The Goods supplied or to be supplied under these Terms of Trade fall
within the PPSA classification of ”Other Goods” acquired by the Customer
pursuant to these Terms of Trade.
25.
The Seller and the Customer acknowledge that the Seller, as Secured
Party, is entitled to register its interest in the Goods supplied or to
be supplied to the Customer as Grantor under the Terms of Trade on the
PPSA Register as Collateral.
26. To the extent permissible at law, the Customer:
(a) waives its right to receive notification of or a copy of any
Verification Statement confirming registration of a Financing Statement
or a Financing Change Statement relating to a Security Interest granted
by the Customer, as Grantor, to the Seller.
(b) agrees
to indemnify the Seller on demand for all costs and expenses, including
legal costs and expenses on a solicitor / client basis, associated with
the;
(i) registration or amendment or discharge of any Financing Statement
registered by or on behalf of the Seller; and
(ii) enforcement or attempted enforcement of any Security Interest granted to the Seller by the Customer.

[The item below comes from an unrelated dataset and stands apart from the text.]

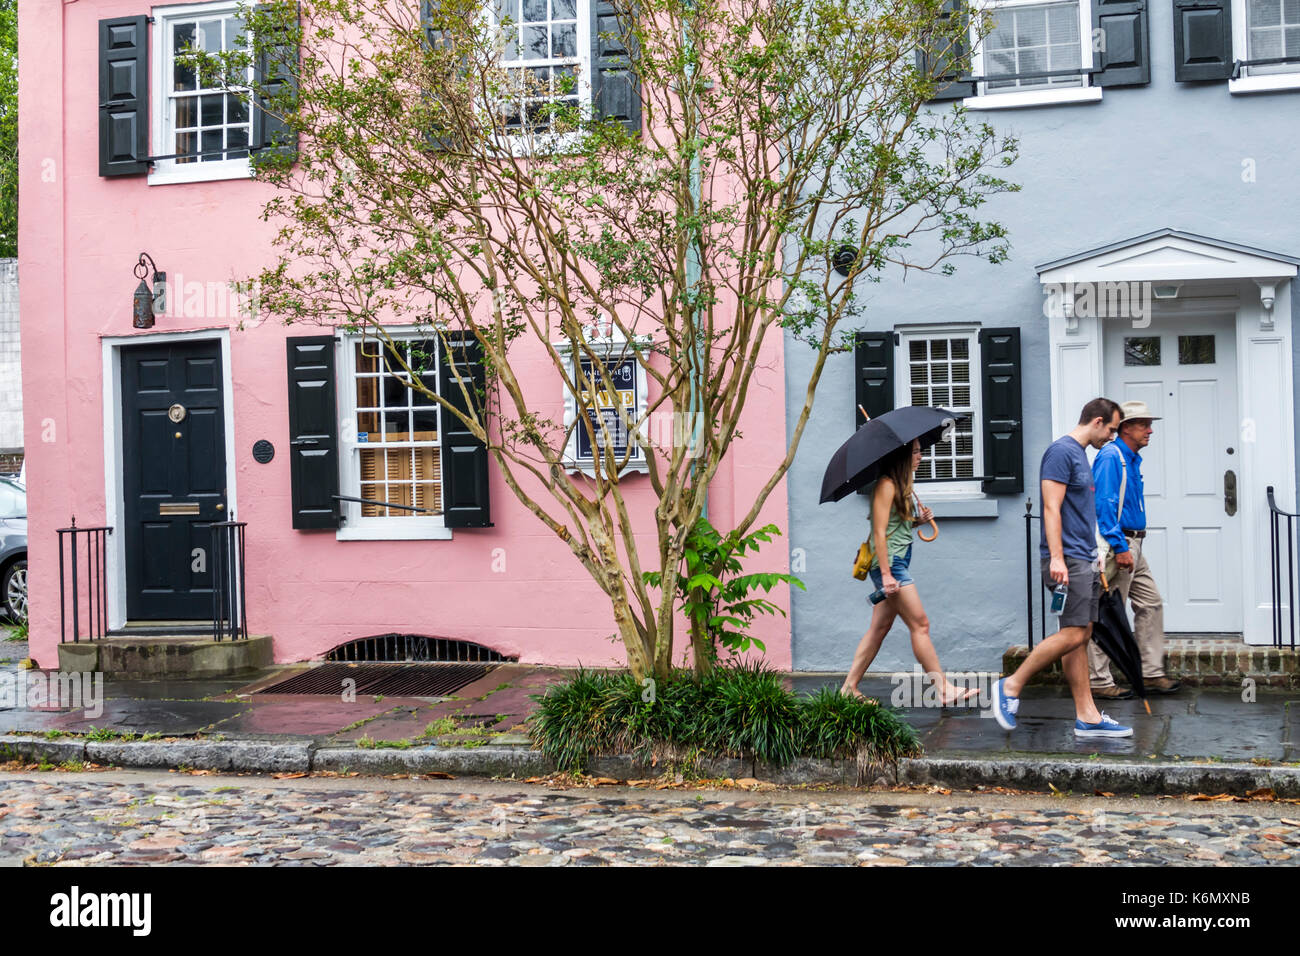 Charleston South Carolina, historische Innenstadt, Chalmers Street, Häuser, Kopfsteinpflaster, Gebäude, Besucher reisen Reise touristischer Tourismus Wahrzeichen landm Stockfoto

(c) agrees that nothing in sections 130 to 143 of the PPSA will apply
to the Terms of Trade or the Security under the Terms of Trade;
(d) agrees to waive its right to do any of the following under the PPSA:
(i) receive notice of removal of an Accession under section 95;
(ii) receive notice of an intention to seize Collateral under section 123;
(iii) object to the purchase of the Collateral by the Secured Party under section 129;
(iv) receive notice of disposal of Collateral under section 130;
(v) receive a Statement of Account if there is no disposal under section 130(4);
(vi) receive a Statement of Account under section 132(3)(d) following
a disposal showing the amounts paid to other Secured Parties and
whether Security Interests held by other Secured Parties have been
discharged.
(vii) receive notice of retention of Collateral under section 135;
(viii) redeem the Collateral under section 142; and
(ix) reinstate the Security Agreement under section 143.
General
27. Where an invoice is rendered for servicing the Customer's goods:
(a) The goods of the Customer for which labour and materials have
been supplied by the Seller in servicing shall become the property of
the Customer and subject to these Terms of Trade where applicable until
the invoice is paid in full; and
(b) any part payment of the invoice shall be appropriated firstly for
the cost of labour and thereafter to the cost of materials and parts.
28.
Any special terms of sale on the reverse hereof are by this reference
incorporated herein with the same force and effect as those set out
herein in full and shall prevail to the extent of any inconsistency with
these Terms of Trade.
29.
If any term or provision (or part thereof) of these Terms of Trade is
held by a court of competent jurisdiction to be illegal, unenforceable
or contrary to public policy then these Terms of Trade shall be read as
if such terms or provisions (or part thereof) had never been in these
Terms of Trade and were severed there from leaving the remainder of the
Terms of Trade legal, valid and enforceable.
30.
These Terms of Trade and any writing on the reverse hereof constitute
the entire agreement between the parties except to the extent that such
Terms of Trade are modified in writing and signed by both parties.
31.
No waiver by the Seller of any one breach of these Terms of Trade shall
operate as a waiver of another breach of the same or of any other such
Terms of Trade and the doing/or omission of any act, matter or thing
whatsoever by the Seller, its servants or agents (which but for this
clause would or might amount to a waiver of the Seller's rights in
respect of any such breach or default) shall not operate nor be deemed
to be a waiver in any way of the Seller’s rights and powers in respect
of any such breach or default any rule of law or equity to the contrary
notwithstanding.
32.
This agreement shall be governed by the laws of New South Wales and the
parties hereby submit to the jurisdiction of the Courts for the
resolution of any dispute under this agreement.